I finally had a tool go dead on me with the m18--but thanks to the charge LEDs, I figured it'd be out before I finished what I was doing, so I brought another battery with me.

When I push in the charge light, just one would blink, so I figure that means "it's out". I've never had one be used to nothing before as I always have one in the charger and I plan/think ahead. I have some of the originals and some of the "red" ones and all work fine.

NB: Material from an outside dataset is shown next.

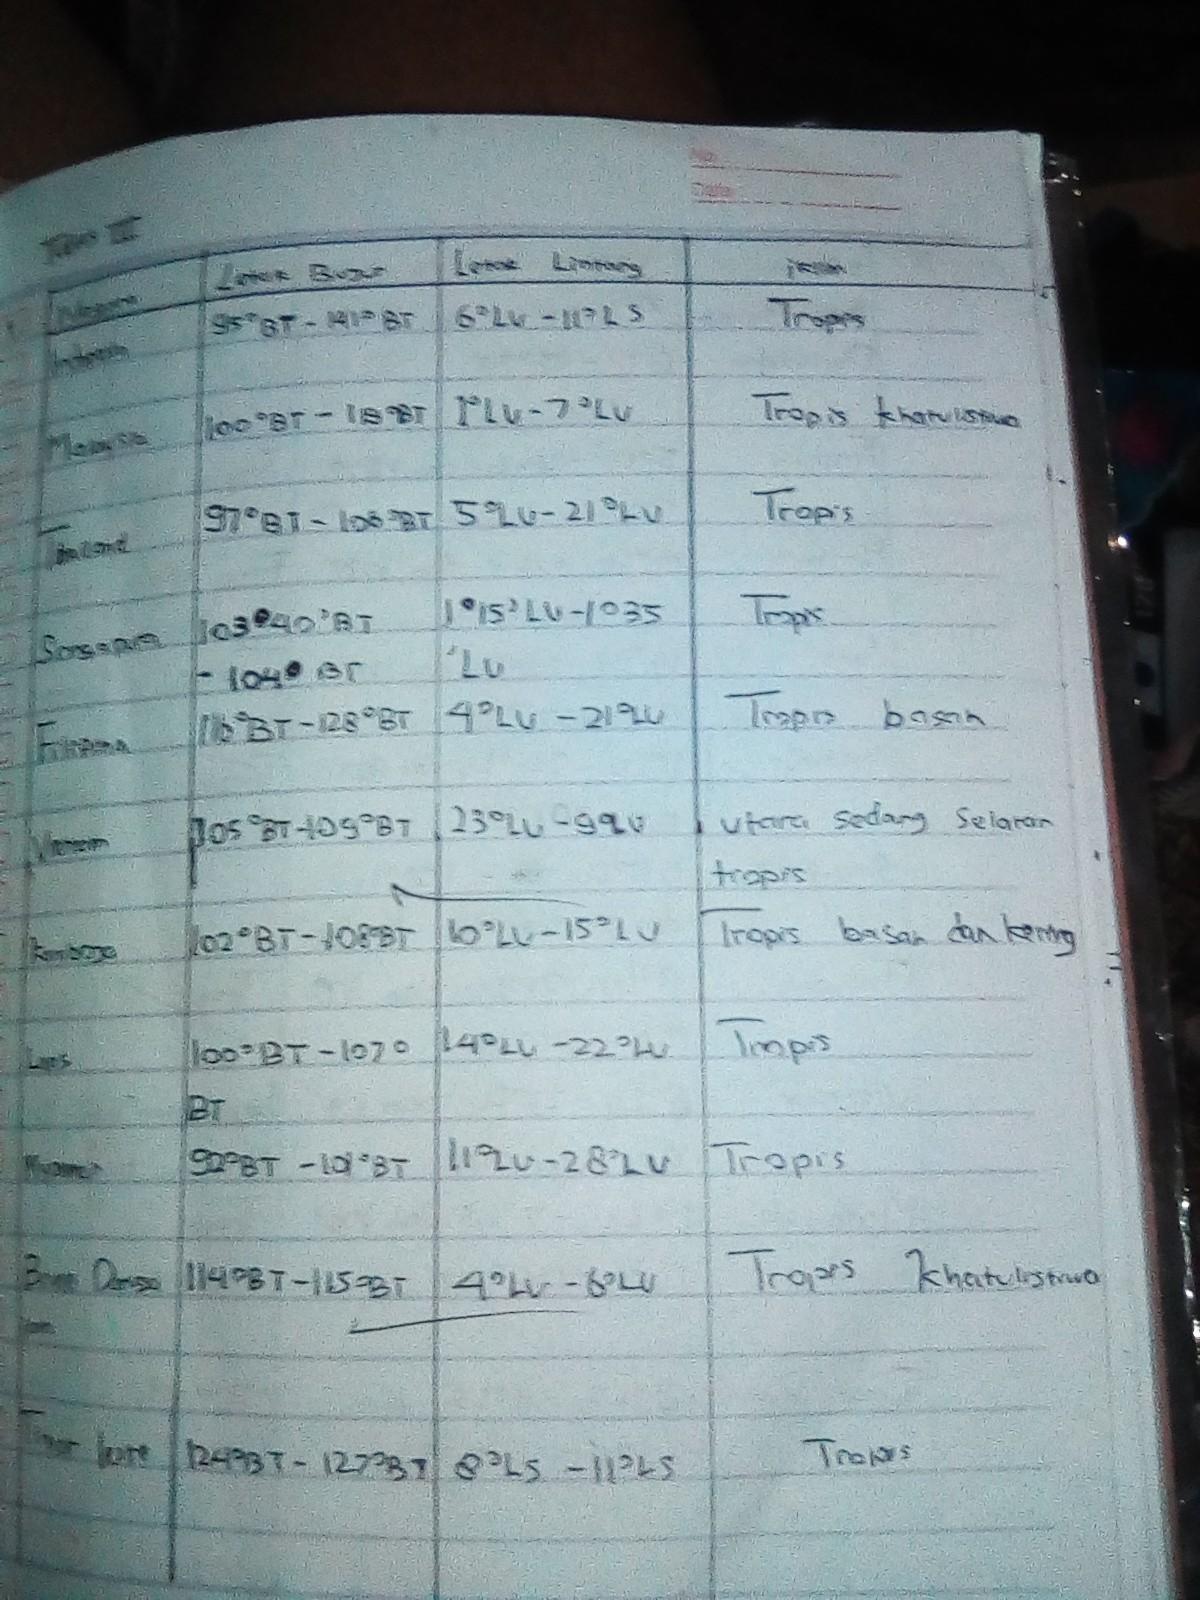 Letak Astronomis Asean : letak, astronomis, asean, Tulis, Negara, Asean, Masing, Jelaskan, Letak, Astronomis,, Geografis,, Geologis,iklim,bentang, Brainly.co.id

Why break into a battery and toodle around, trying to see if you can somehow fix it.....when you can buy a new one for $70 or so?


----------



## MF Custom (May 3, 2009)

Milwaukee batteries are not that great, the're getting better but the first m18s sucked.


----------



## Rustbucket (May 22, 2009)

I just noticed that HD has two-packs of the compact red lithium batteries for 79.99, and the compact M18 drill with one battery for $85. Just thought i would pass that along.


----------



## Golden view (Feb 16, 2012)

Probably because they are getting phased out. Both those batteries (replaced with 2 amp hour) and the drill.


----------



## Rustbucket (May 22, 2009)

Golden view said:


> Probably because they are getting phased out. Both those batteries (replaced with 2 amp hour) and the drill.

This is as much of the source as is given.